Last week turned into an historic one for currency markets, possibly one that forex traders will be able to tell their grandchildren about one day. Markets were taking every new day as it came as many of the usual rules went out the window.
As it turned out the sell-off termed ‘Black Monday’ was just the start of a turbulent week as the market has reacted to one major piece of news after another, and some central banks have looked like they were playing catch up. As the week began we saw US Treasury yields plumbing record lows with the USD dropping along with US bond yields. With the European Central Bank and Bank of Japan having little monetary ammunition to hand, this meant a rally in both the EUR and JPY. But it was going to be a week of two halves in forex markets.
Mid-week the Bank of England slashed rates unexpectedly and released almost GBP 300 million of extra funding into the banking system, right ahead of the UK spring budget. The Federal Reserve also cut rates.
“Rate cuts alone are not amounting to much these days but with the term funding scheme measures and counter-cyclical buffer being reduced to 0% it ought to help the transmission to business,” observed Neil Wilson, Chief Markets Analyst with Markets.com.
UK Chancellor Rishi Sunak found himself presenting his first budget in the teeth of a major financial crisis. But he unveiled a massive GBP 30 billion of extra stimulus measures, which is probably what was required. The extra spending that came with this, to the tune of GBP 175 billion over five years, spelled the end of the days of austerity in the UK in what looks like the largest sustained fiscal boost in 30 years.
However this all seems like just the prequel to the main event now, as Donald Trump’s announcement of a European travel ban led to an historic market sell off on Thursday that conjured the shades of 1987. GBP was sold heavily and indeed has been dropping like a stone for most of the week, having slipped from 1.31 vs the USD to close the week at 1.227. It was a sustained period of selling against sterling.
Traders disappointed by no rate cut from ECB
The EUR also had a busy week – while the ECB did announce new stimulus measures there was no interest rate cut in the offing this week, leading to a rush from the EUR into dollars. Traders were saying Friday that there had been a blow out in the cross-currency swap spreads, leading to a rush into USD liquidity, led by banks and large corporations.
Other assets you would expect to hold or even gain value last week have also been sold off. The gold price finished the week down at 1529 despite reported heavy demands for gold ETFs, while silver is now at 14.74. Bitcoin has also seen a substantial sell off this week and is now below USD 5500. Bear in mind, however, that this reflects gains in the USD against other assets.

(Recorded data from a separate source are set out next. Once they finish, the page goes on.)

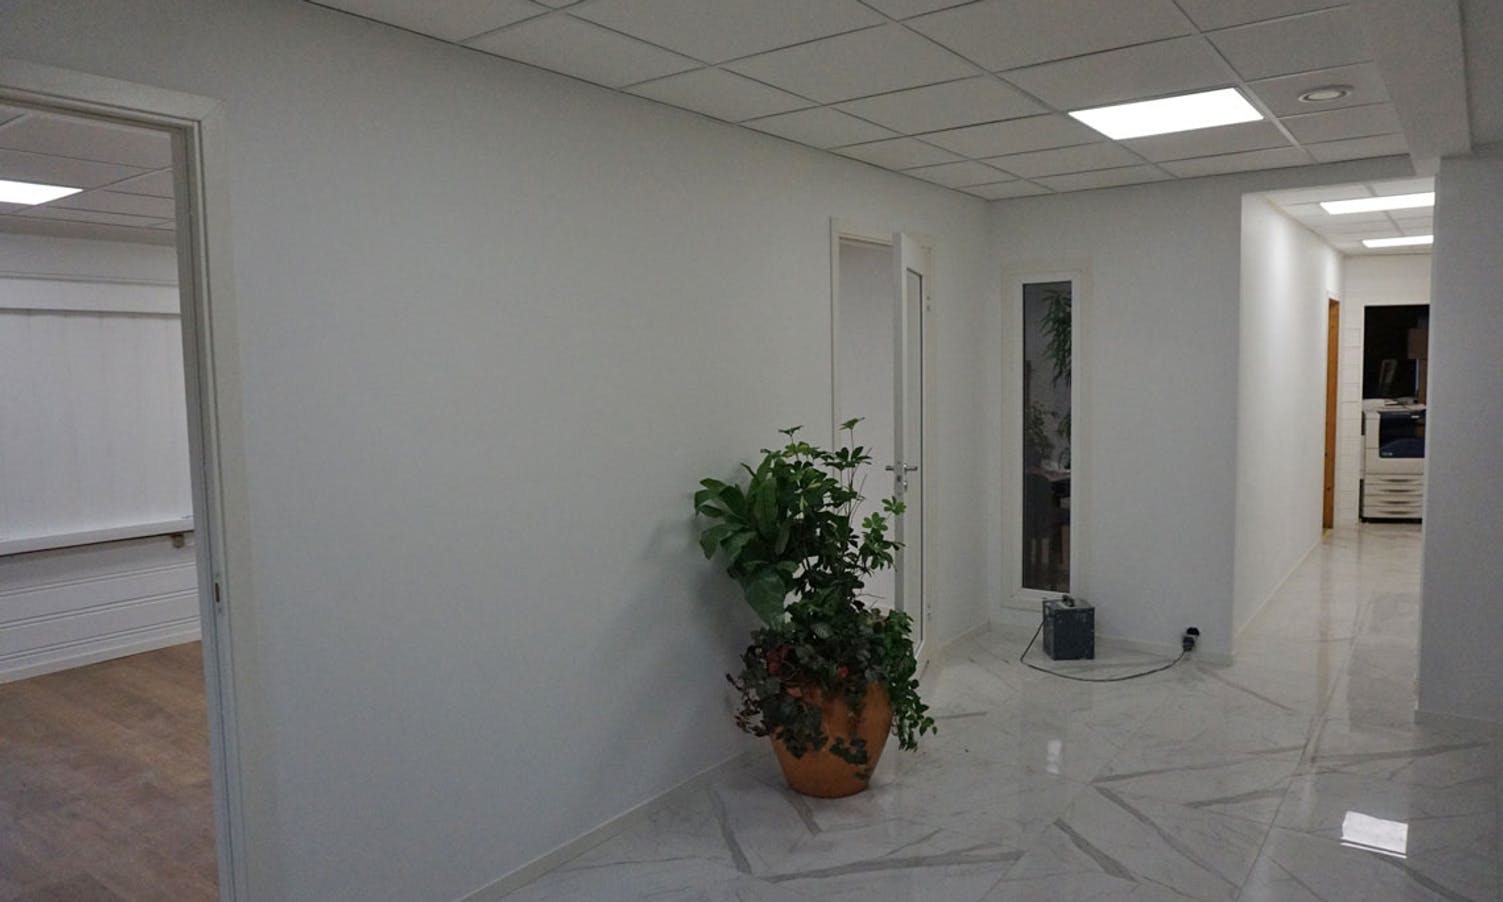 Himo får nye kontor - og ledige kontor for utleige. (Foto: KVB)
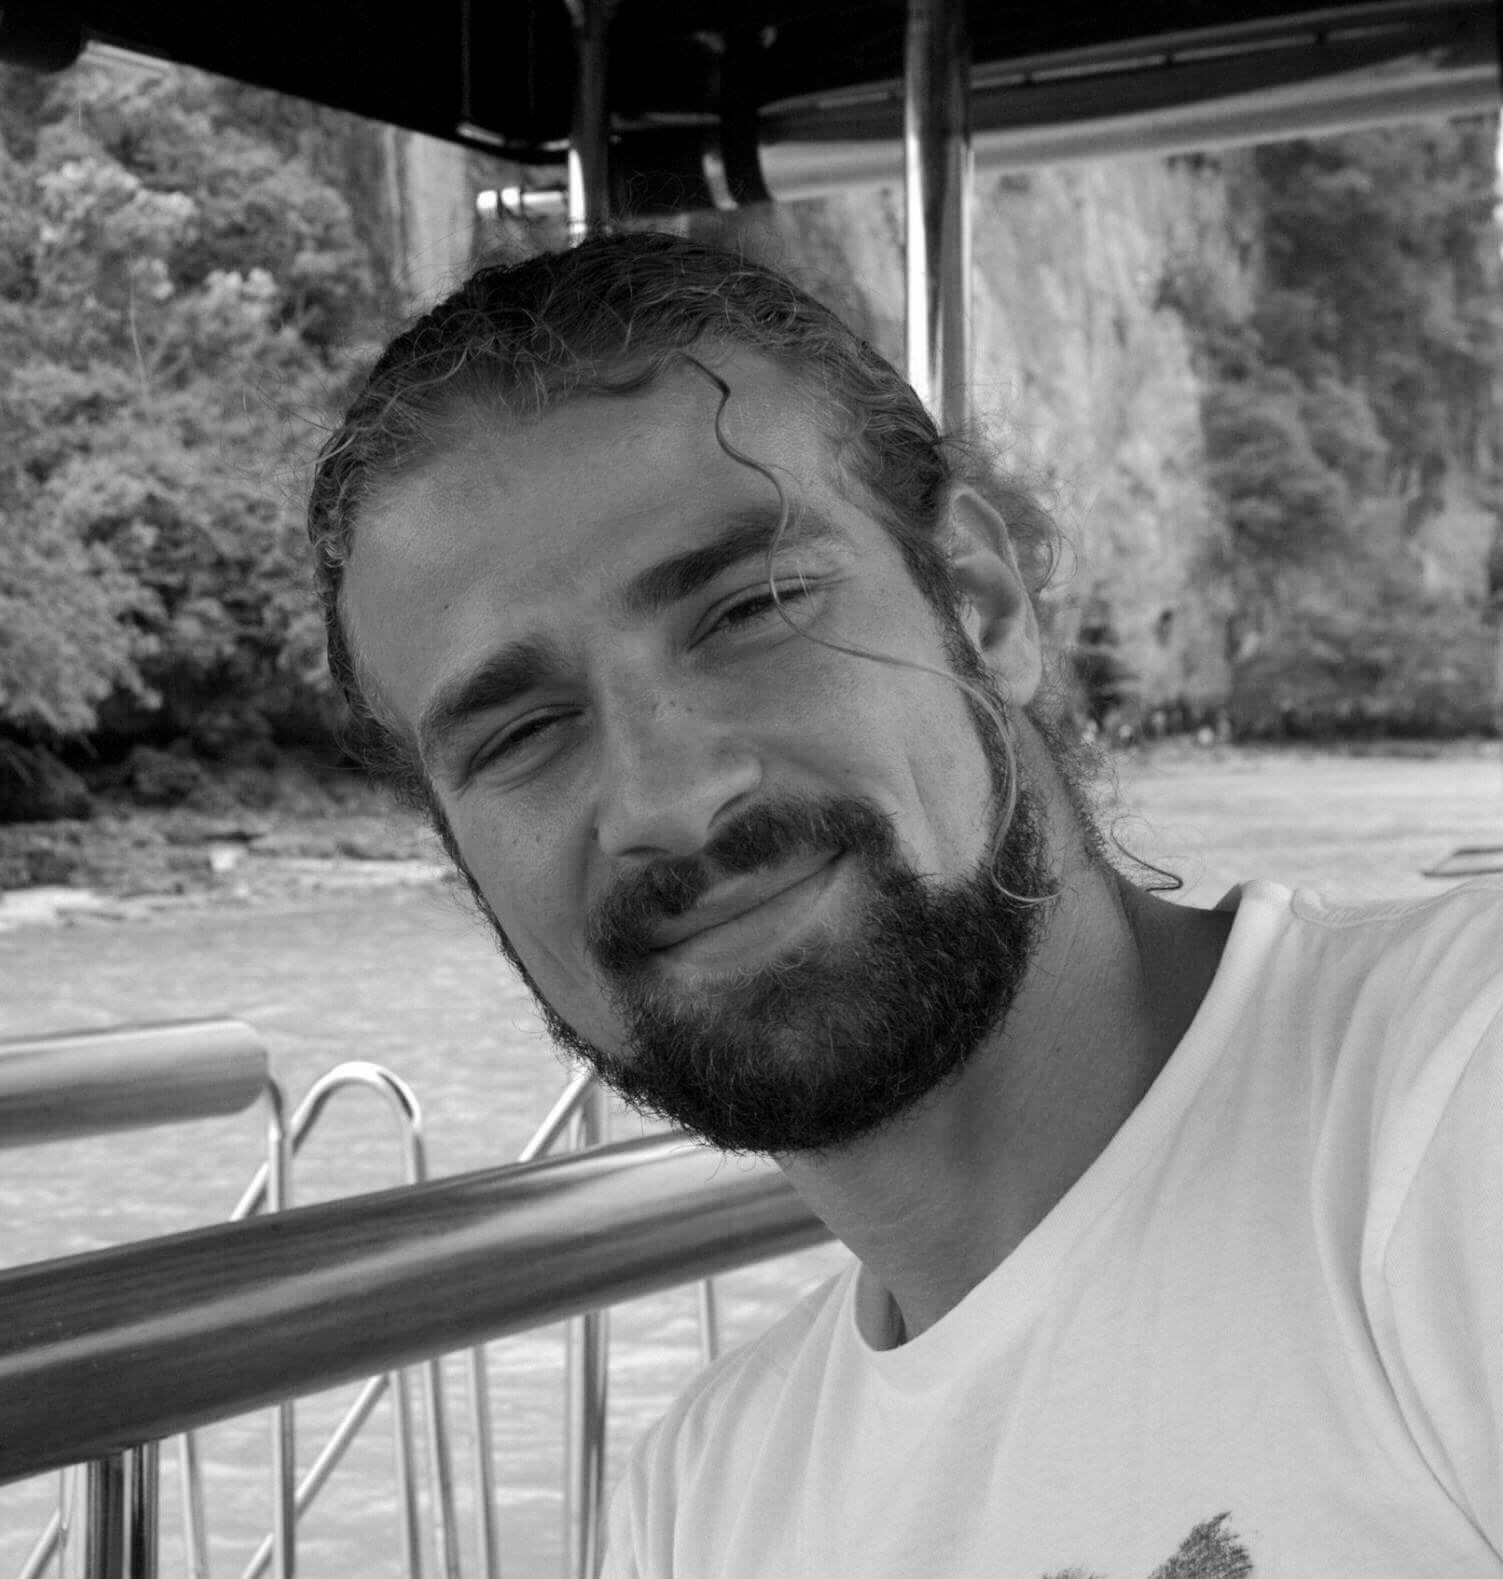 La Justicia italiana dicta sentencia: Mario Biondo fue asesinado
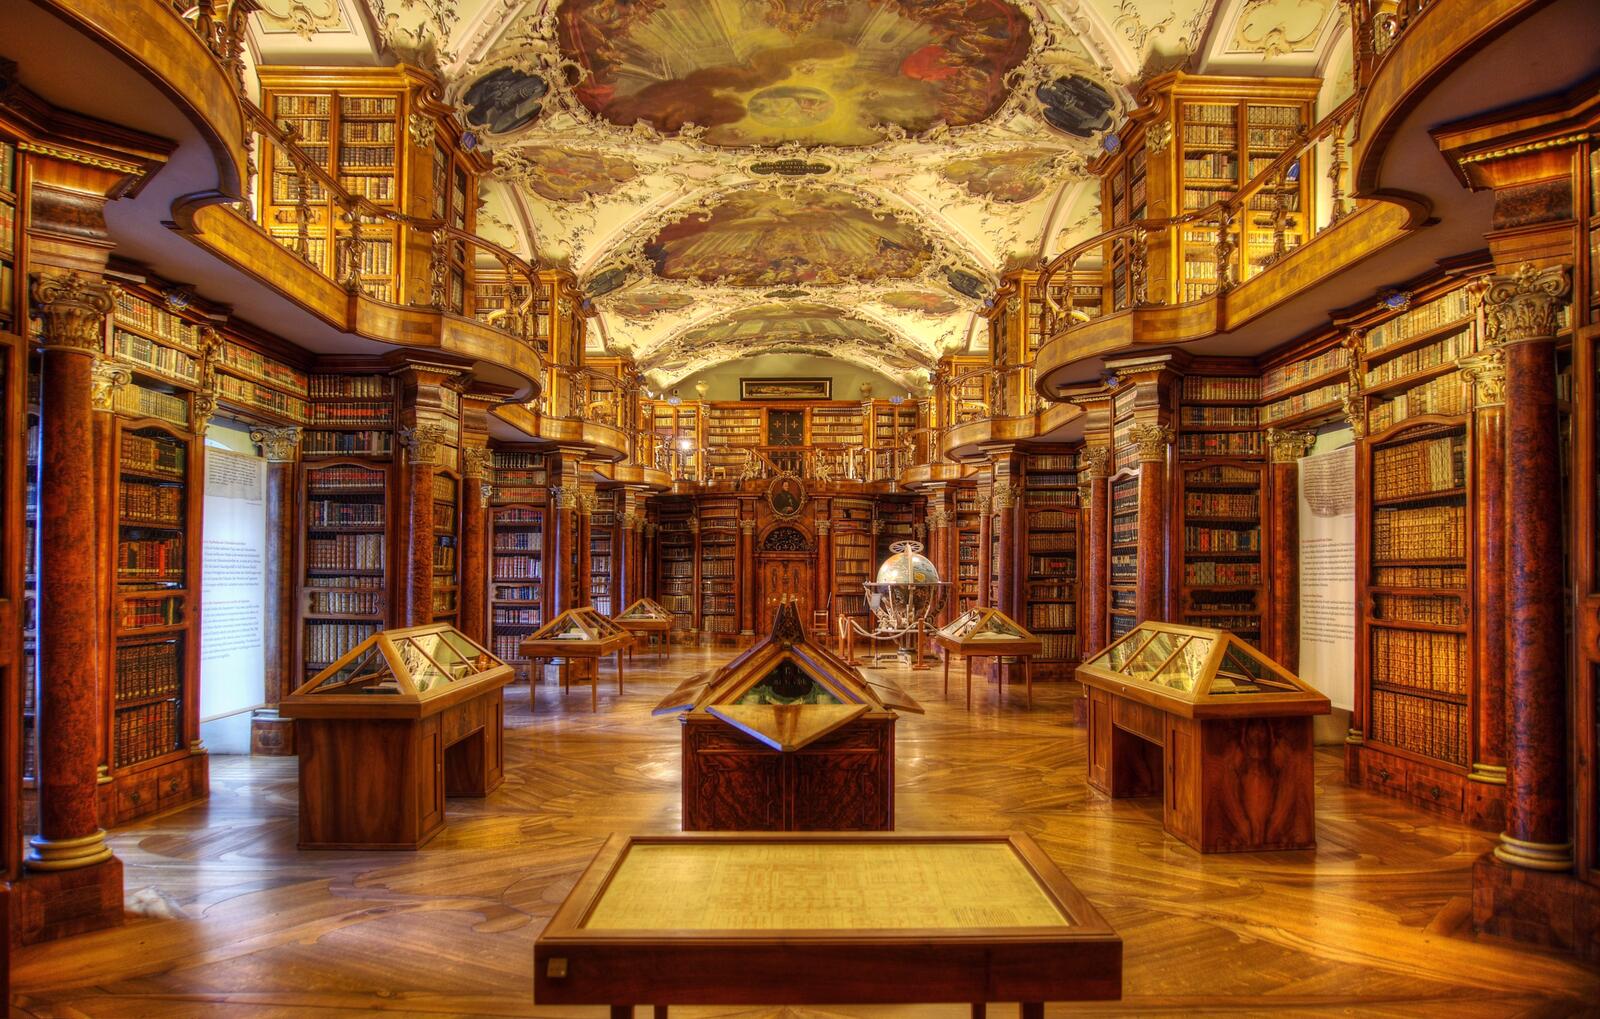 Библиотека без людей. Библиотека монастыря Святого Галла в Швейцарии. Монастырь Санкт Галлен библиотека. Библиотека аббатства Святого Галла. Библиотека аббатства Святого Галла, Санкт-Галлен (Швейцария).

So what next? Surely not a repeat of this week, although central bankers will be watching the news for further detail on the spread of the virus. There is every chance we will see more surprise monetary easing, especially from the Federal Reserve. But for those who have in recent months questioned whether the greenback should still be the world’s de facto currency of last resort, it is certainly proving them wrong at the moment.